And what's relevant here is that the capabilities that emerge first at smaller scales — or earlier in training — tend to be the more "primitive" ones. Basic linguistic competence, simple factual recall, shallow pattern matching. The things that require deeper reasoning or multi-step inference tend to emerge later in training, or only at larger scales.

The "stages" are real in the sense that there's a hierarchy of difficulty, and training naturally climbs that hierarchy — but not because anyone designed a curriculum. It's just that easier things are learned faster.

That's the cleanest way to put it. The model is climbing a gradient, and the low-hanging fruit — statistically — is basic syntax and common facts. The harder stuff requires more subtle loss landscape navigation, so it takes longer.

Let me push on something. You said "dump everything in at once." But don't some labs actually do curriculum learning? Start with simpler data, then move to more complex?

Some do, and it's an active area of research. But the dominant approach for the largest models — GPT-4, Claude, Gemini — is still to train on a massive mixed corpus without explicit curricular ordering. The argument is that the data distribution itself provides a natural curriculum, because simple sentences are more common than complex ones.
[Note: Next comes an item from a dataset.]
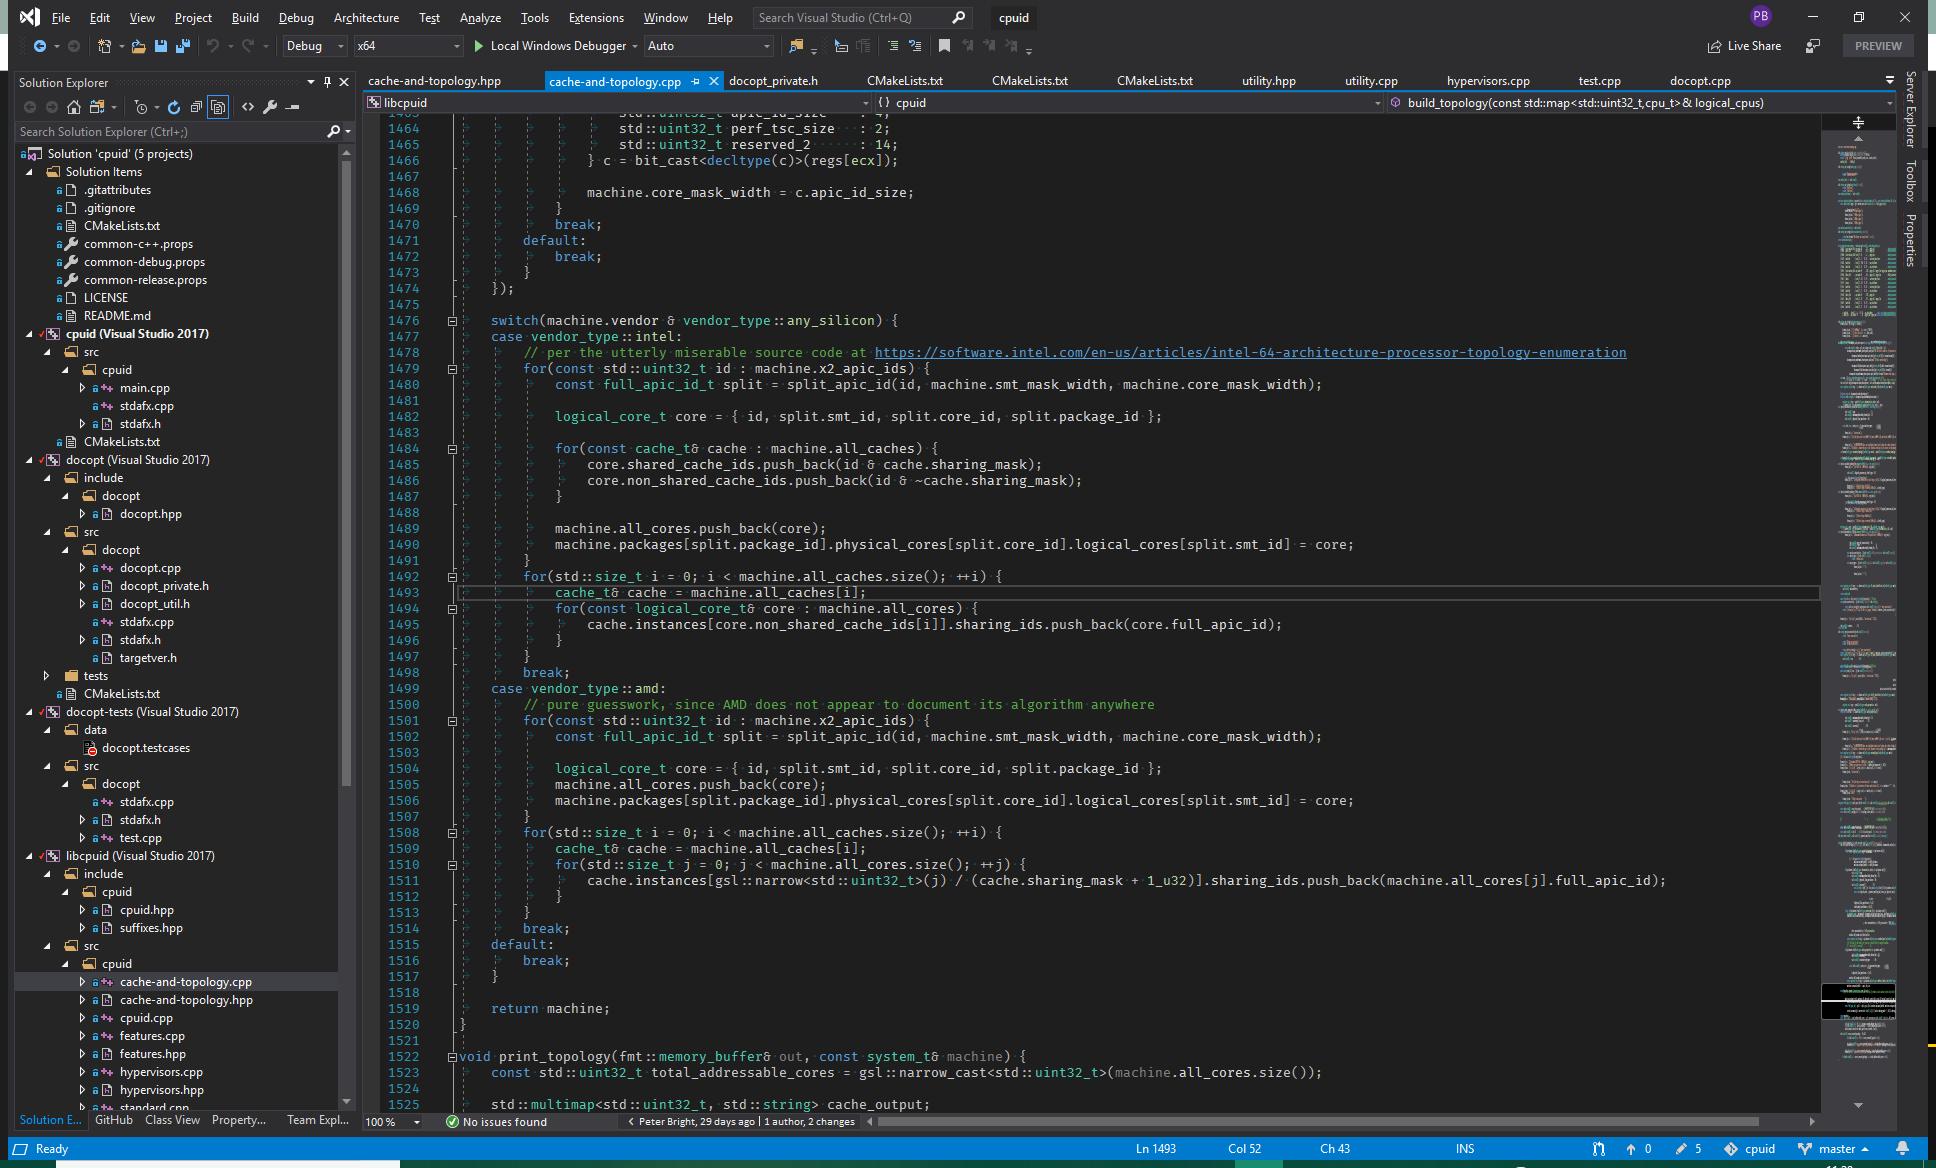 Интерфейс Microsoft Visual Studio Community

So the corpus is self-curriculating.

Basic declarative sentences appear far more frequently in the training data than, say, dense legal reasoning or mathematical proofs. So the model naturally sees more simple patterns early in training, simply because they're statistically dominant. You don't need to sequence the data — the distribution does it for you.
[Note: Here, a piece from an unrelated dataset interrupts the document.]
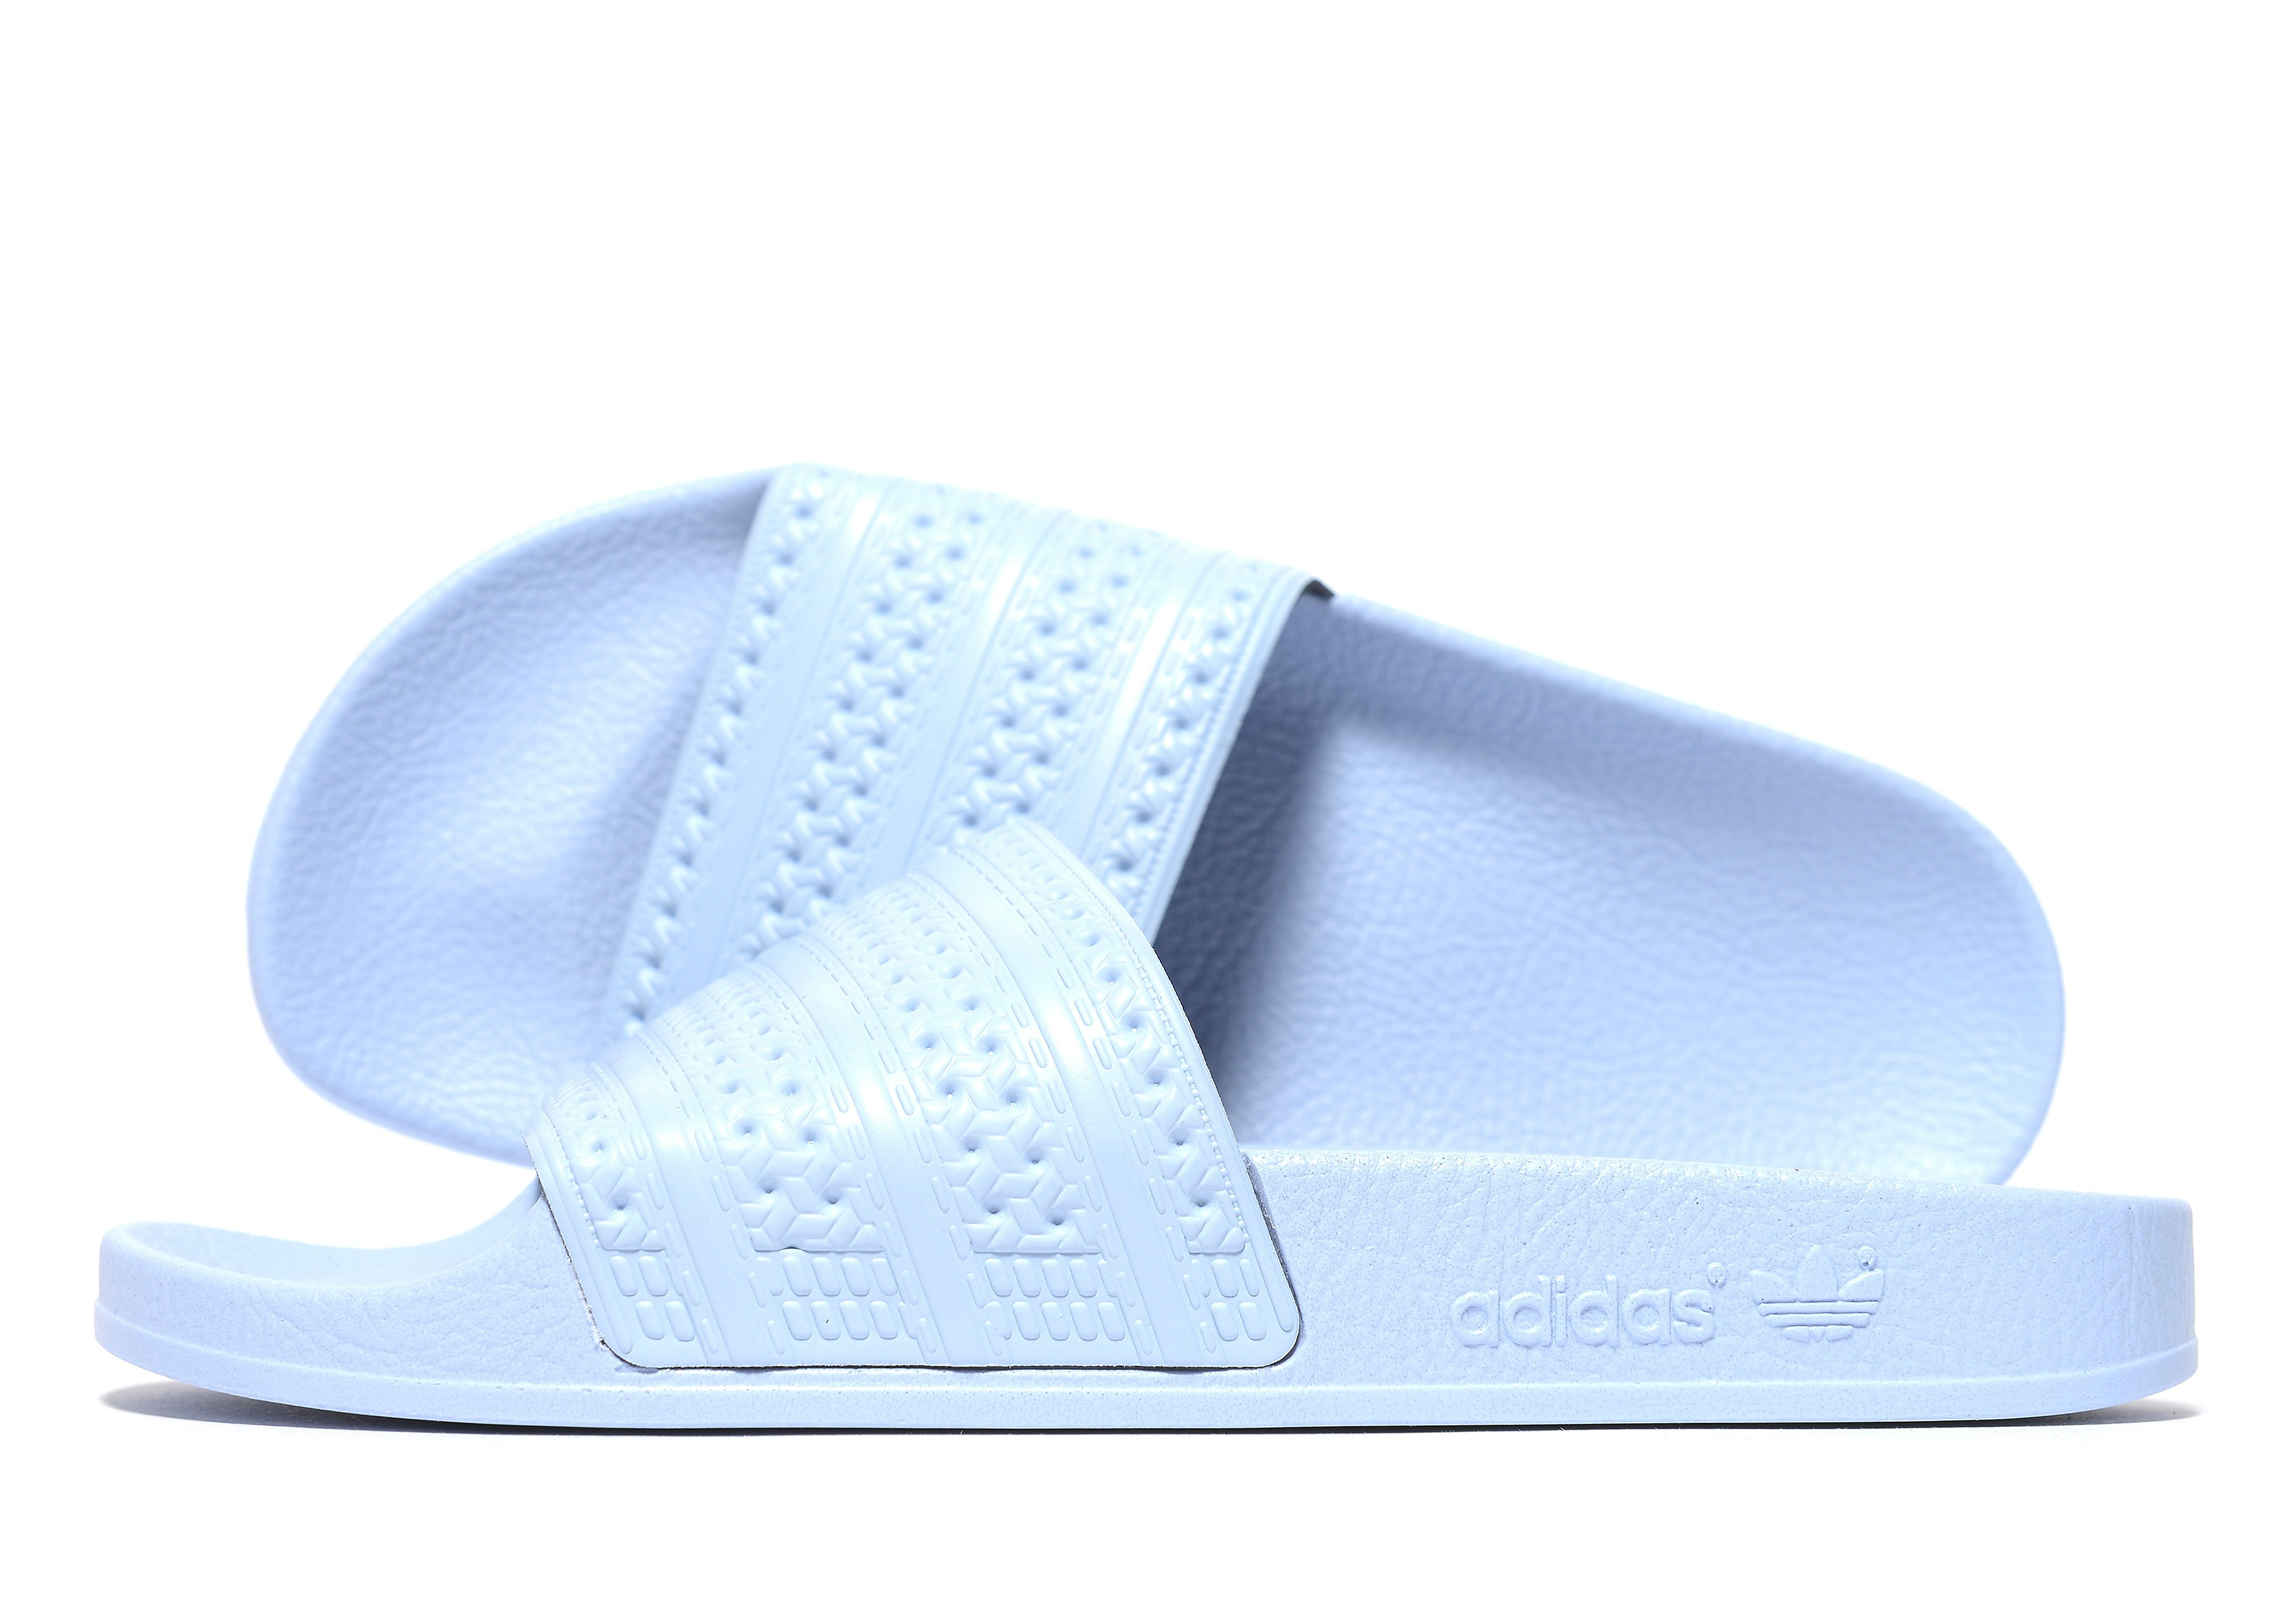 adidas Originals Adilette Slides Dames - Light Blue - Dames

Which means the answer to "does it happen in stages or all in parallel" is: both. It's parallel in the sense that everything is being optimized at once from the same loss signal. But it's staged in the sense that different capabilities crystallize at different points along the loss curve.

That's it. And I want to add one more piece that I think is under-discussed. The learning isn't just about what the model knows — it's about how the representations are structured internally. Early in training, the model's internal representations are diffuse. Concepts are smeared across neurons. As training progresses, you start to see more structured representations — what researchers call "features" — that correspond to coherent concepts.

This relates to the whole mechanistic interpretability thing.

The Anthropic team has done work showing that you can find specific neurons or directions in activation space that correspond to concepts like "the Golden Gate Bridge" or "deception." But those features don't exist at the start of training. They crystallize over time as the model compresses more and more data into its weights.

The training process is also a process of conceptual crystallization. The model starts with a blurry statistical soup and gradually resolves it into distinct concepts.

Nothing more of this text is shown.